(Available data Opens)
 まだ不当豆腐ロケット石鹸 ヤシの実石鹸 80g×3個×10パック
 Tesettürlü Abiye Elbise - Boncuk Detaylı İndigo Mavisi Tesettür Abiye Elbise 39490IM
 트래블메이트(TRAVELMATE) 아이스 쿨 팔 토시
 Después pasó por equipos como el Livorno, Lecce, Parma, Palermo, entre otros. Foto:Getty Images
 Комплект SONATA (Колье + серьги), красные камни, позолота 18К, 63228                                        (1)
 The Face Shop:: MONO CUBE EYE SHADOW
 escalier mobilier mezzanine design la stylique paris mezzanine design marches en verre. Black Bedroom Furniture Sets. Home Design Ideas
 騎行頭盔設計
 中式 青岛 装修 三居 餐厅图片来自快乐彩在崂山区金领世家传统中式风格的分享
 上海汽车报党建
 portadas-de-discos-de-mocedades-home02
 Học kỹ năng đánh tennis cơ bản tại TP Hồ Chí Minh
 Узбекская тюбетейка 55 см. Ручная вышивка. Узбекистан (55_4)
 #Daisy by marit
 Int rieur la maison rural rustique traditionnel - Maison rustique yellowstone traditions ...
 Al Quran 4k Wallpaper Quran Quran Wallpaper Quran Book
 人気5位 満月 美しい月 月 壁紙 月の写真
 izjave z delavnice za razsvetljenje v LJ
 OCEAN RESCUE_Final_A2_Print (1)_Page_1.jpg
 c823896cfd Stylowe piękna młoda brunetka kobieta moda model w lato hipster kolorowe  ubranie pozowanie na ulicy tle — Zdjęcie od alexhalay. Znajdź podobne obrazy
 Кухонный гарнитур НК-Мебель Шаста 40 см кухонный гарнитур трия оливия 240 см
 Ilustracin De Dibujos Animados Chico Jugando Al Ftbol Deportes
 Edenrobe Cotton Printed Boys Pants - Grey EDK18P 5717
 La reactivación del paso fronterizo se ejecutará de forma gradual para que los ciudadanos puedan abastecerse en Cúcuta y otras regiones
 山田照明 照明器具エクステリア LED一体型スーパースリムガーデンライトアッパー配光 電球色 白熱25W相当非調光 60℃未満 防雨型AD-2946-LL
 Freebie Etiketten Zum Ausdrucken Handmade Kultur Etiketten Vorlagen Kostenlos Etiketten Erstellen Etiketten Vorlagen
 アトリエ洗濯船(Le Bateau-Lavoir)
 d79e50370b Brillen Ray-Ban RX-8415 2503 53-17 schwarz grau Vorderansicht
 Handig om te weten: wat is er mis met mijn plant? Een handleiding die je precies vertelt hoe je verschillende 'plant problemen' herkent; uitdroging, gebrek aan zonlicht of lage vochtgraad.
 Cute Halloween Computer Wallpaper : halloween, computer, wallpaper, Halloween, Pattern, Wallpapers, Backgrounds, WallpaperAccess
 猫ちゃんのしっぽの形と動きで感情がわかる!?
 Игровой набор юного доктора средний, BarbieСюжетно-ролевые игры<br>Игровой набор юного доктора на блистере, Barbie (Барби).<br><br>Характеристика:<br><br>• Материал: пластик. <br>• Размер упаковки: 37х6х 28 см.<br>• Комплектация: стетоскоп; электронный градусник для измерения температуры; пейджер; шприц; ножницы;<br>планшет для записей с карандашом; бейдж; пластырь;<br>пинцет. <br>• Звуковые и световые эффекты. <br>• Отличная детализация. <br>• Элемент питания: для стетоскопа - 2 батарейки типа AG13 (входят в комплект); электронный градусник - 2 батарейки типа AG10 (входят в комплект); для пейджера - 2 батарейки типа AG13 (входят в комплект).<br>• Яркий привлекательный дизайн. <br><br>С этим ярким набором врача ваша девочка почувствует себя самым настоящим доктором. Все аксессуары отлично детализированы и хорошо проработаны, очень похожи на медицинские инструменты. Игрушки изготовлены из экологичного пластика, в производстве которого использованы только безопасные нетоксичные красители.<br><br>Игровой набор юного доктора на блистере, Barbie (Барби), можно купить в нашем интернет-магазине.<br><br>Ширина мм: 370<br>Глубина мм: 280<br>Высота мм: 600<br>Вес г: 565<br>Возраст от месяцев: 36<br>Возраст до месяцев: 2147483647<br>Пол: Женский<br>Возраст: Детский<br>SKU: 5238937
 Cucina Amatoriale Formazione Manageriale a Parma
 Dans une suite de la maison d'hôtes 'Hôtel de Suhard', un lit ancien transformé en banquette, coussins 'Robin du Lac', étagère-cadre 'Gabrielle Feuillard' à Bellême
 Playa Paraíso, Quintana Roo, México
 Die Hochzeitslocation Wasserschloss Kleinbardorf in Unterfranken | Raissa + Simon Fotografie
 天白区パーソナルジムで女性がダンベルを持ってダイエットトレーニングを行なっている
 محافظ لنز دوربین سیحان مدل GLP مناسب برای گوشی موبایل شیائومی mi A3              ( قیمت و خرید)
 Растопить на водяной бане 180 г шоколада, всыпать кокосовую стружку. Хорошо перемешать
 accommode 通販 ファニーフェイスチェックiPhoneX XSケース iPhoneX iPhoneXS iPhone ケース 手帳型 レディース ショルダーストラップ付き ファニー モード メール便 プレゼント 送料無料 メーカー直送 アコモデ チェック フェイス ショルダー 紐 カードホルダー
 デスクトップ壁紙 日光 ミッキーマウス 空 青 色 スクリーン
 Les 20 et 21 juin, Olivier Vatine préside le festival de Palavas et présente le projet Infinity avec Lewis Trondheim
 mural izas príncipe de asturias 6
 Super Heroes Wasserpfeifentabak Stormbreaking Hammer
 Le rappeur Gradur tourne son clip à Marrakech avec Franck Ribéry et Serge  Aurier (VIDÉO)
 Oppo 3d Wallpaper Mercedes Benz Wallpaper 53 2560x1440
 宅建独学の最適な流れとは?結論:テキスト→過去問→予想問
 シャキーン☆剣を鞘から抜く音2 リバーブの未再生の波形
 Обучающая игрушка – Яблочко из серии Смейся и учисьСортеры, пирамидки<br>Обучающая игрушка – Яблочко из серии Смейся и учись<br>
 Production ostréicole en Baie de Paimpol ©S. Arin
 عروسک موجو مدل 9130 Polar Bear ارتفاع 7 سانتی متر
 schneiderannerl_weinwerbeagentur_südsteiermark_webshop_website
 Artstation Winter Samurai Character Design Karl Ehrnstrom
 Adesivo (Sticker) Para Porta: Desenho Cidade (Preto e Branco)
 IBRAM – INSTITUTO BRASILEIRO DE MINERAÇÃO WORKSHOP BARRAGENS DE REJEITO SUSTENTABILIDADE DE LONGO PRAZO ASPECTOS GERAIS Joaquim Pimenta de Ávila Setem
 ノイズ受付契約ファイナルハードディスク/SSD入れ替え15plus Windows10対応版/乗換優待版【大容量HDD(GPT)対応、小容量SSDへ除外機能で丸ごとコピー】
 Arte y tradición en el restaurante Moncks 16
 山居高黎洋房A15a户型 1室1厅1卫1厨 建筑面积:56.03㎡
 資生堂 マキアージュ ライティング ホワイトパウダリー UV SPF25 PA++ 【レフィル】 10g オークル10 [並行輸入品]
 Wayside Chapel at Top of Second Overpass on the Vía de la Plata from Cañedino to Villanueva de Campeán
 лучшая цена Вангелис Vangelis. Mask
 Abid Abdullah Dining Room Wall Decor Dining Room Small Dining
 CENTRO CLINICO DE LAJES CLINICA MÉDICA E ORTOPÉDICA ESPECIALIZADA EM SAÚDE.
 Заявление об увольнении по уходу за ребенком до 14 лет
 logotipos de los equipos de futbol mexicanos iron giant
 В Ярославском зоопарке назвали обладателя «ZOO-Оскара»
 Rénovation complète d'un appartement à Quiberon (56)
(Available data Closes)
» Task details
Repeat all of the records verbatim, leaving nothing out.

» Result of this exercise
 まだ不当豆腐ロケット石鹸 ヤシの実石鹸 80g×3個×10パック
 Tesettürlü Abiye Elbise - Boncuk Detaylı İndigo Mavisi Tesettür Abiye Elbise 39490IM
 트래블메이트(TRAVELMATE) 아이스 쿨 팔 토시
 Después pasó por equipos como el Livorno, Lecce, Parma, Palermo, entre otros. Foto:Getty Images
 Комплект SONATA (Колье + серьги), красные камни, позолота 18К, 63228                                        (1)
 The Face Shop:: MONO CUBE EYE SHADOW
 escalier mobilier mezzanine design la stylique paris mezzanine design marches en verre. Black Bedroom Furniture Sets. Home Design Ideas
 騎行頭盔設計
 中式 青岛 装修 三居 餐厅图片来自快乐彩在崂山区金领世家传统中式风格的分享
 上海汽车报党建
 portadas-de-discos-de-mocedades-home02
 Học kỹ năng đánh tennis cơ bản tại TP Hồ Chí Minh
 Узбекская тюбетейка 55 см. Ручная вышивка. Узбекистан (55_4)
 #Daisy by marit
 Int rieur la maison rural rustique traditionnel - Maison rustique yellowstone traditions ...
 Al Quran 4k Wallpaper Quran Quran Wallpaper Quran Book
 人気5位 満月 美しい月 月 壁紙 月の写真
 izjave z delavnice za razsvetljenje v LJ
 OCEAN RESCUE_Final_A2_Print (1)_Page_1.jpg
 c823896cfd Stylowe piękna młoda brunetka kobieta moda model w lato hipster kolorowe  ubranie pozowanie na ulicy tle — Zdjęcie od alexhalay. Znajdź podobne obrazy
 Кухонный гарнитур НК-Мебель Шаста 40 см кухонный гарнитур трия оливия 240 см
 Ilustracin De Dibujos Animados Chico Jugando Al Ftbol Deportes
 Edenrobe Cotton Printed Boys Pants - Grey EDK18P 5717
 La reactivación del paso fronterizo se ejecutará de forma gradual para que los ciudadanos puedan abastecerse en Cúcuta y otras regiones
 山田照明 照明器具エクステリア LED一体型スーパースリムガーデンライトアッパー配光 電球色 白熱25W相当非調光 60℃未満 防雨型AD-2946-LL
 Freebie Etiketten Zum Ausdrucken Handmade Kultur Etiketten Vorlagen Kostenlos Etiketten Erstellen Etiketten Vorlagen
 アトリエ洗濯船(Le Bateau-Lavoir)
 d79e50370b Brillen Ray-Ban RX-8415 2503 53-17 schwarz grau Vorderansicht
 Handig om te weten: wat is er mis met mijn plant? Een handleiding die je precies vertelt hoe je verschillende 'plant problemen' herkent; uitdroging, gebrek aan zonlicht of lage vochtgraad.
 Cute Halloween Computer Wallpaper : halloween, computer, wallpaper, Halloween, Pattern, Wallpapers, Backgrounds, WallpaperAccess
 猫ちゃんのしっぽの形と動きで感情がわかる!?
 Игровой набор юного доктора средний, BarbieСюжетно-ролевые игры<br>Игровой набор юного доктора на блистере, Barbie (Барби).<br><br>Характеристика:<br><br>• Материал: пластик. <br>• Размер упаковки: 37х6х 28 см.<br>• Комплектация: стетоскоп; электронный градусник для измерения температуры; пейджер; шприц; ножницы;<br>планшет для записей с карандашом; бейдж; пластырь;<br>пинцет. <br>• Звуковые и световые эффекты. <br>• Отличная детализация. <br>• Элемент питания: для стетоскопа - 2 батарейки типа AG13 (входят в комплект); электронный градусник - 2 батарейки типа AG10 (входят в комплект); для пейджера - 2 батарейки типа AG13 (входят в комплект).<br>• Яркий привлекательный дизайн. <br><br>С этим ярким набором врача ваша девочка почувствует себя самым настоящим доктором. Все аксессуары отлично детализированы и хорошо проработаны, очень похожи на медицинские инструменты. Игрушки изготовлены из экологичного пластика, в производстве которого использованы только безопасные нетоксичные красители.<br><br>Игровой набор юного доктора на блистере, Barbie (Барби), можно купить в нашем интернет-магазине.<br><br>Ширина мм: 370<br>Глубина мм: 280<br>Высота мм: 600<br>Вес г: 565<br>Возраст от месяцев: 36<br>Возраст до месяцев: 2147483647<br>Пол: Женский<br>Возраст: Детский<br>SKU: 5238937
 Cucina Amatoriale Formazione Manageriale a Parma
 Dans une suite de la maison d'hôtes 'Hôtel de Suhard', un lit ancien transformé en banquette, coussins 'Robin du Lac', étagère-cadre 'Gabrielle Feuillard' à Bellême
 Playa Paraíso, Quintana Roo, México
 Die Hochzeitslocation Wasserschloss Kleinbardorf in Unterfranken | Raissa + Simon Fotografie
 天白区パーソナルジムで女性がダンベルを持ってダイエットトレーニングを行なっている
 محافظ لنز دوربین سیحان مدل GLP مناسب برای گوشی موبایل شیائومی mi A3              ( قیمت و خرید)
 Растопить на водяной бане 180 г шоколада, всыпать кокосовую стружку. Хорошо перемешать
 accommode 通販 ファニーフェイスチェックiPhoneX XSケース iPhoneX iPhoneXS iPhone ケース 手帳型 レディース ショルダーストラップ付き ファニー モード メール便 プレゼント 送料無料 メーカー直送 アコモデ チェック フェイス ショルダー 紐 カードホルダー
 デスクトップ壁紙 日光 ミッキーマウス 空 青 色 スクリーン
 Les 20 et 21 juin, Olivier Vatine préside le festival de Palavas et présente le projet Infinity avec Lewis Trondheim
 mural izas príncipe de asturias 6
 Super Heroes Wasserpfeifentabak Stormbreaking Hammer
 Le rappeur Gradur tourne son clip à Marrakech avec Franck Ribéry et Serge  Aurier (VIDÉO)
 Oppo 3d Wallpaper Mercedes Benz Wallpaper 53 2560x1440
 宅建独学の最適な流れとは?結論:テキスト→過去問→予想問
 シャキーン☆剣を鞘から抜く音2 リバーブの未再生の波形
 Обучающая игрушка – Яблочко из серии Смейся и учисьСортеры, пирамидки<br>Обучающая игрушка – Яблочко из серии Смейся и учись<br>
 Production ostréicole en Baie de Paimpol ©S. Arin
 عروسک موجو مدل 9130 Polar Bear ارتفاع 7 سانتی متر
 schneiderannerl_weinwerbeagentur_südsteiermark_webshop_website
 Artstation Winter Samurai Character Design Karl Ehrnstrom
 Adesivo (Sticker) Para Porta: Desenho Cidade (Preto e Branco)
 IBRAM – INSTITUTO BRASILEIRO DE MINERAÇÃO WORKSHOP BARRAGENS DE REJEITO SUSTENTABILIDADE DE LONGO PRAZO ASPECTOS GERAIS Joaquim Pimenta de Ávila Setem
 ノイズ受付契約ファイナルハードディスク/SSD入れ替え15plus Windows10対応版/乗換優待版【大容量HDD(GPT)対応、小容量SSDへ除外機能で丸ごとコピー】
 Arte y tradición en el restaurante Moncks 16
 山居高黎洋房A15a户型 1室1厅1卫1厨 建筑面积:56.03㎡
 資生堂 マキアージュ ライティング ホワイトパウダリー UV SPF25 PA++ 【レフィル】 10g オークル10 [並行輸入品]
 Wayside Chapel at Top of Second Overpass on the Vía de la Plata from Cañedino to Villanueva de Campeán
 лучшая цена Вангелис Vangelis. Mask
 Abid Abdullah Dining Room Wall Decor Dining Room Small Dining
 CENTRO CLINICO DE LAJES CLINICA MÉDICA E ORTOPÉDICA ESPECIALIZADA EM SAÚDE.
 Заявление об увольнении по уходу за ребенком до 14 лет
 logotipos de los equipos de futbol mexicanos iron giant
 В Ярославском зоопарке назвали обладателя «ZOO-Оскара»
 Rénovation complète d'un appartement à Quiberon (56)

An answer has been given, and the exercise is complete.